5. If a multi reader multi case (MRMC) comparative effectiveness study was done, If so, what was the effect size of how much human readers improve with AI vs without AI assistance

• N/A. This is not an AI-enabled device. No MRMC study was conducted. The evaluation is solely based on the physical and image quality characteristics of the detector itself.

6. If a standalone (i.e. algorithm only without human-in-the-loop performance) was done

• N/A. This is not an AI algorithm. Its performance is inherent to its hardware and associated processing software, which is evaluated against engineering benchmarks and standards.

7. The type of ground truth used (expert concensus, pathology, outcomes data, etc)

• Not "ground truth" in the AI/ML sense. For this device, performance is evaluated against:
  • Engineering specifications and measurements: DQE, MTF, resolution, pixel pitch, dimensions, etc.
  • Compliance with international safety and performance standards: e.g., IEC 60601 series, ISO 10993 series, FDA regulations.
  • Comparative technical characteristics to a legally marketed predicate device.

8. The sample size for the training set

• N/A. There is no "training set" as this is not an AI/ML device subject to machine learning model training.

9. How the ground truth for the training set was established

• N/A. As there is no training set, there is no ground truth for it.

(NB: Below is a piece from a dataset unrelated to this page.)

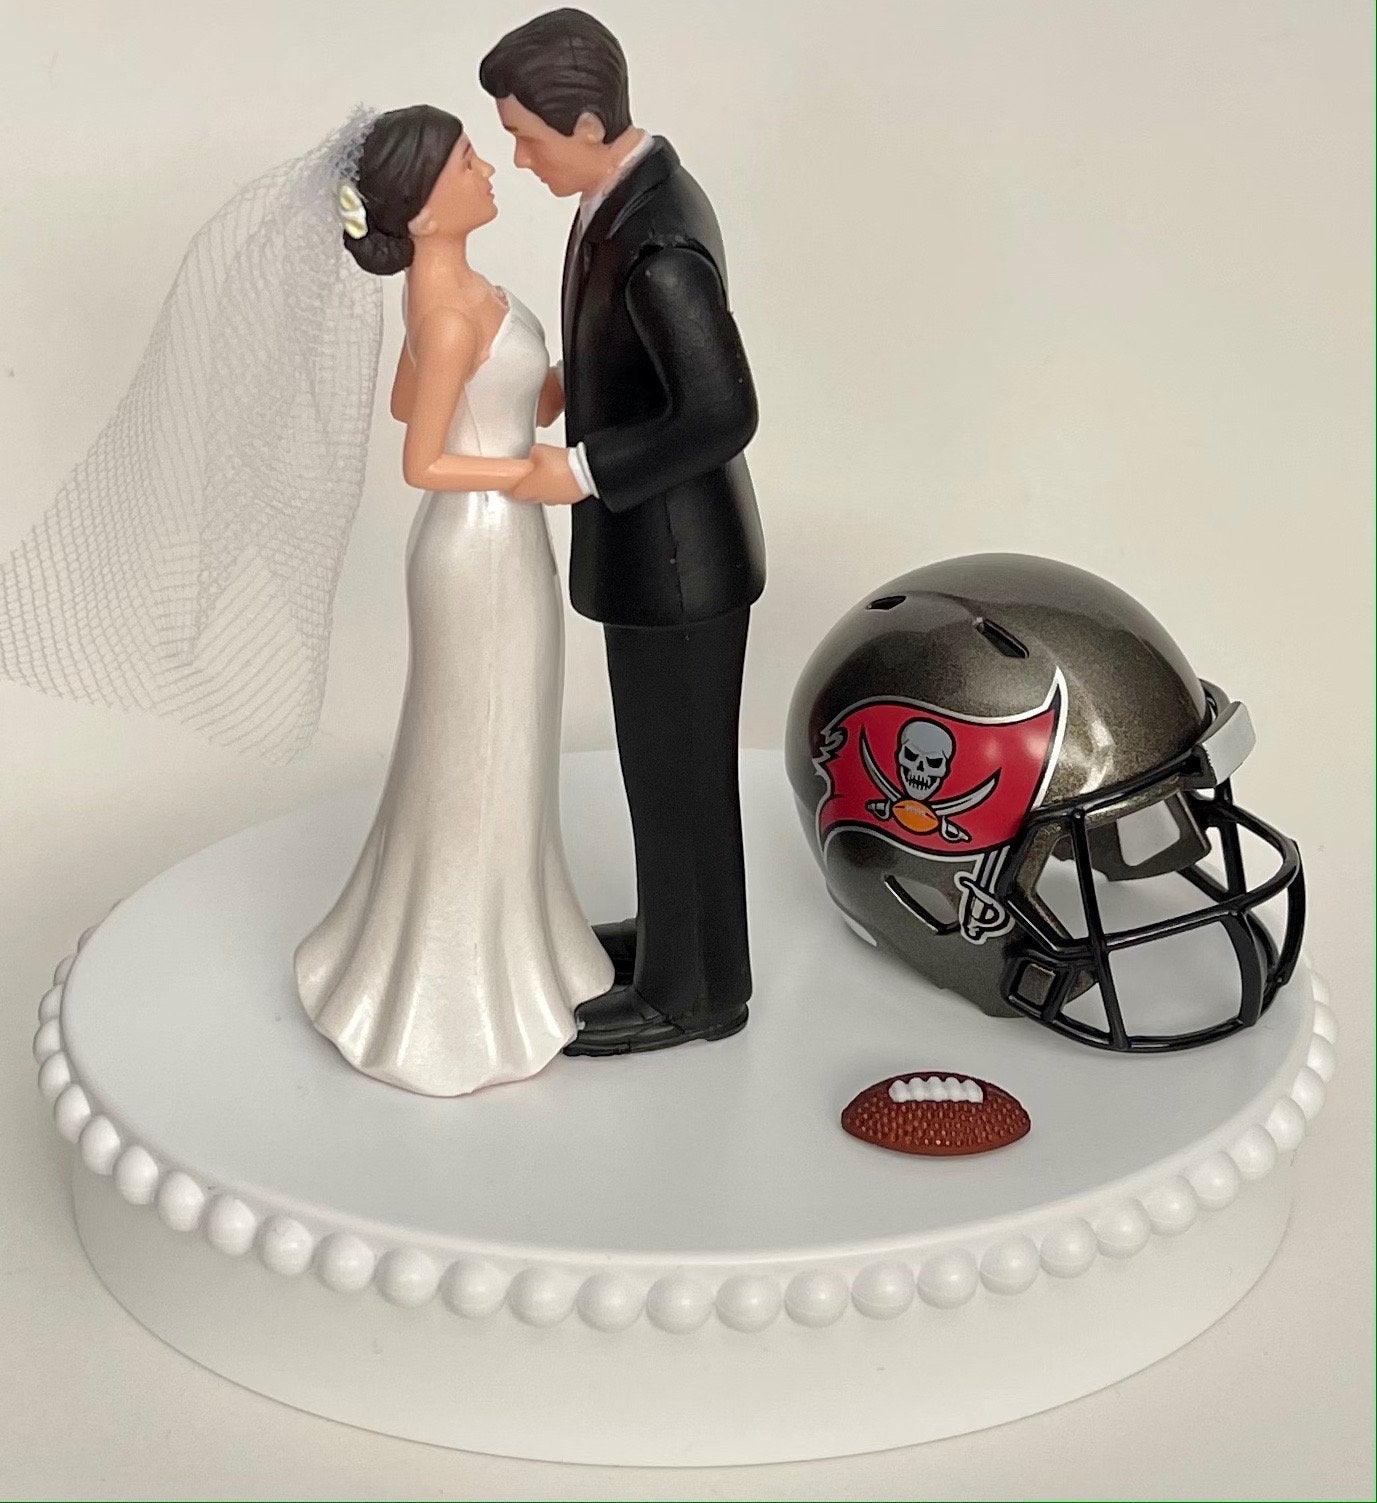 Wedding Cake Topper Tampa Bay Buccaneers Football Themed Pretty Short-Haired Bride Groom Sports Fan Unique Reception Bridal Shower Gift Idea

In summary: The substantial equivalence determination for the Yushan X-Ray Flat Panel Detector with DROC (V17Ce) is based on thorough non-clinical bench testing and comparison of technical specifications to a predicate device, focusing on compliance with established safety and performance standards. The primary difference (scintillator material) and its impact on image quality (improved DQE and MTF) were evaluated and deemed to result in performance that is substantially equivalent to the predicate, not raising new questions of safety or effectiveness. No clinical studies or AI/ML-specific evaluations were performed or required for this 510(k) submission.